The waiter began to lose his temper; he walked away, gently shrugging his shoulders; the gentleman and lady recommenced studying the bill of fare. The children, who began to think they

were only brought there to look at salt-cellars and decanters, amused themselves, to pass the time, by overturning the pepperbox on the table.

"Girardière's neighbour had dispatched his cutlet, and our hero himself was afraid to turn his eyes towards him, lest he should behold his enormous mouth, which opened as wide as a chimney, à la Prussienne, and threatened to engulph everything.

A young man who had just settled his bill, rose to depart, but stopped as he passed before Girardière, and held out his hand to him.

"Ah!" said he, "good morning! my dear friend!-How is it you are dining alone?-why did you not come and place yourself by me?-I should have been delighted."

"I have only this moment arrived."

"Well-have you been to visit the lady we were talking of? -is she to your liking?-eh ?—what say you?"

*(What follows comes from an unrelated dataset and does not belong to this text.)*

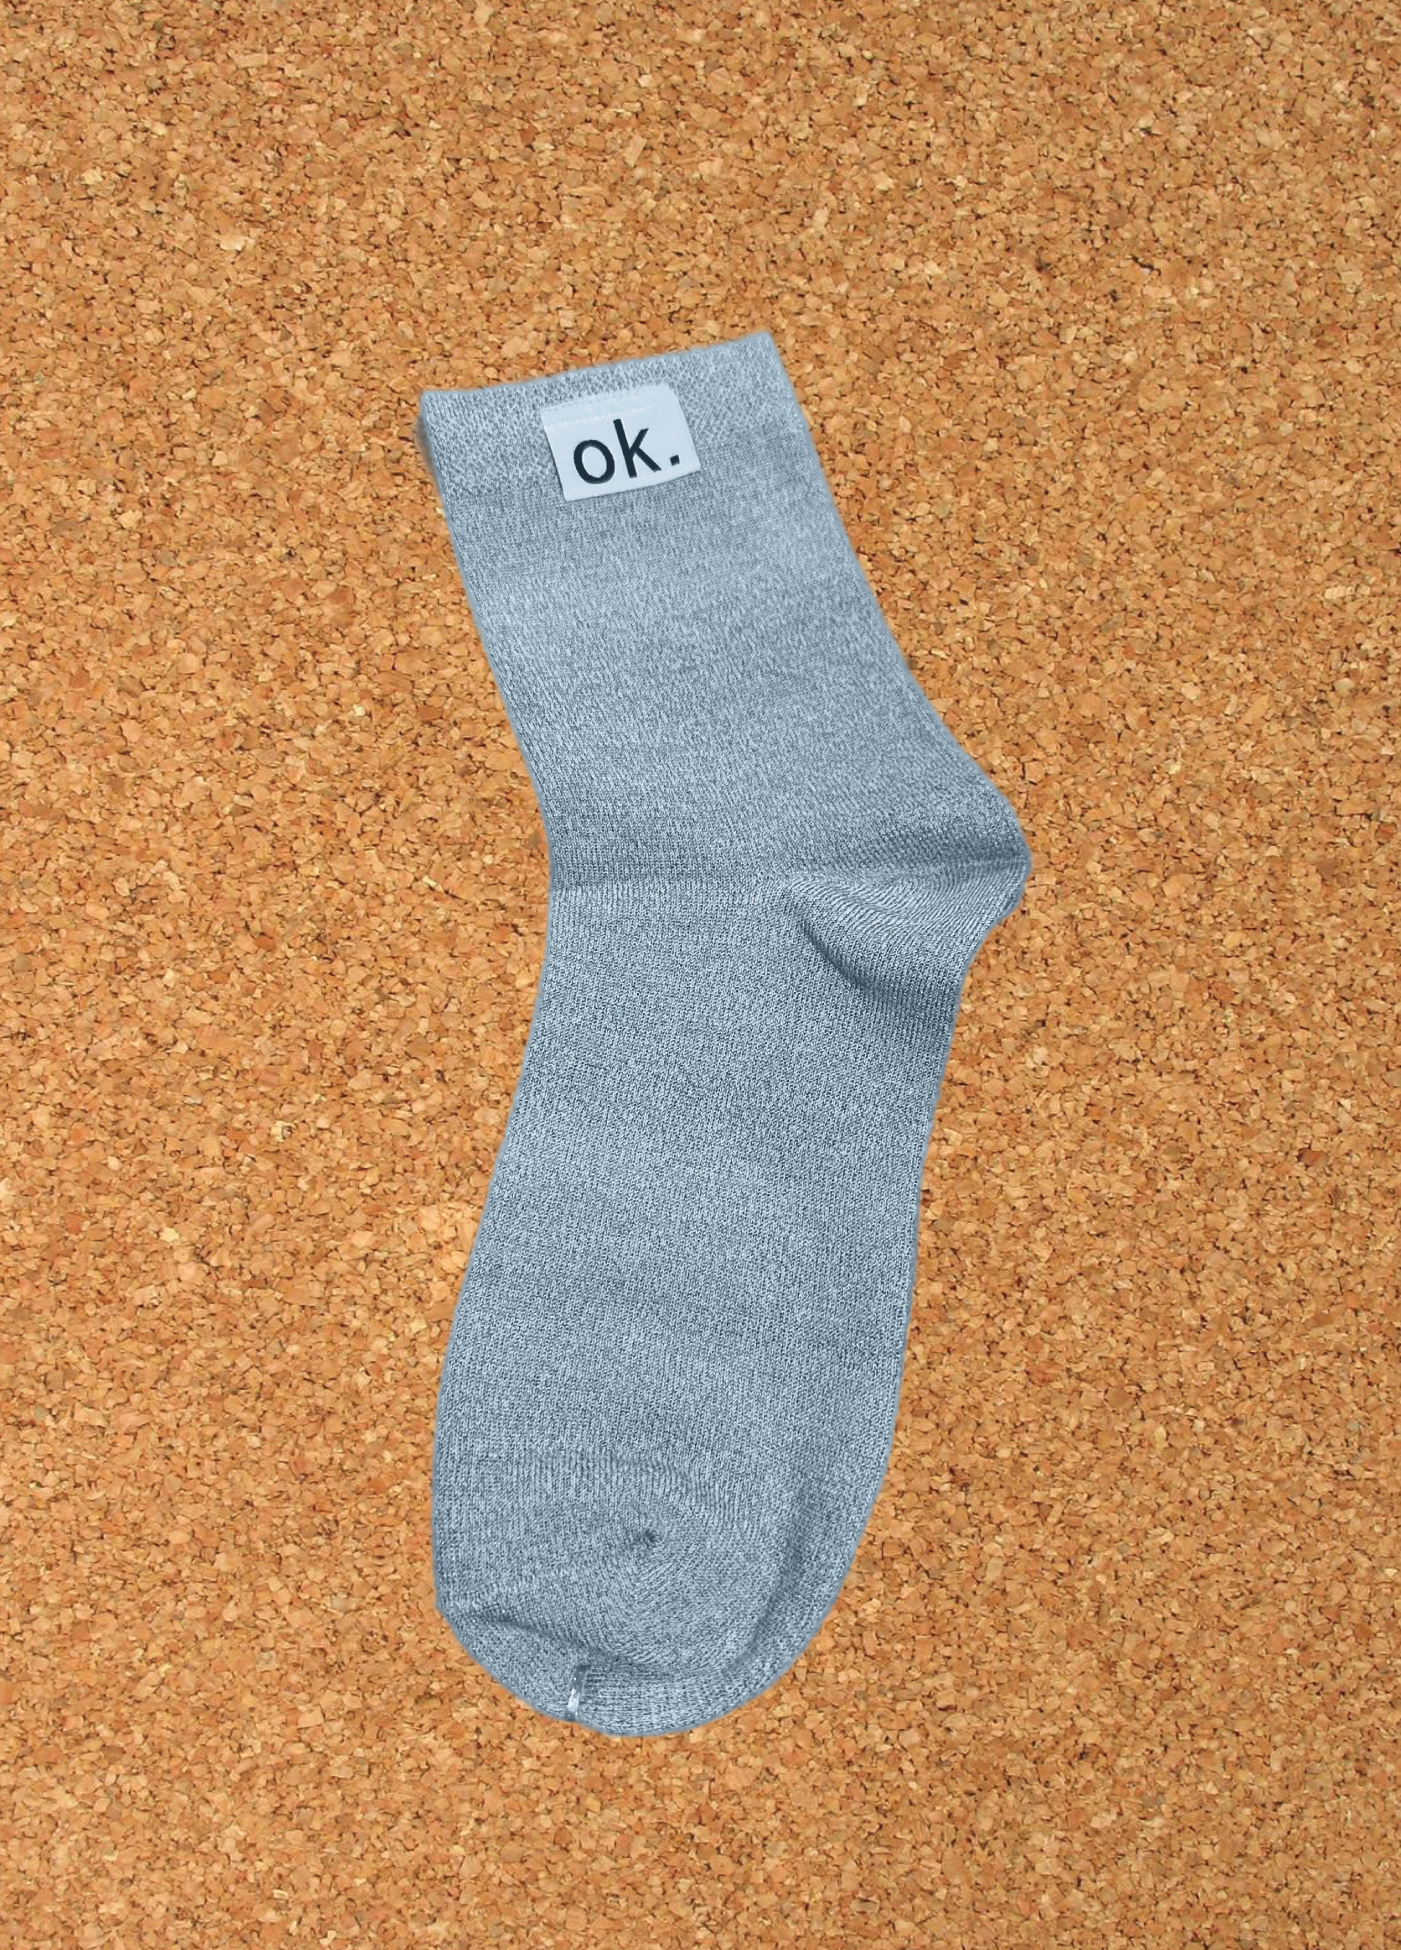 ok. Grounding Socks

"Ah! indeed, apropos, you are a pretty fellow! you point me out a café, and tell me that the landlady is a widow and in want of a husband; you engage me to go and see her-I go, saying to myself, the sight can cost me nothing.' It however cost me a glass of capillaire and milk. But never mind that! I saw a very pretty woman, graceful and still young, and began to chat with her at the bar, while paying for my capillaire; she replied in a manner both gracious and spiritual!-I was enchanted!-The six following days I returned to the café, and put myself to a great expense; at last, on the seventh, I resolved on making some advances, some proposals to the pretty hostess, but at the first word she checked me and demanded:

"To whom do you imagine you are speaking, sir ?"

"To a charming widow, whom I should not have the remotest objection to offer my hand and heart."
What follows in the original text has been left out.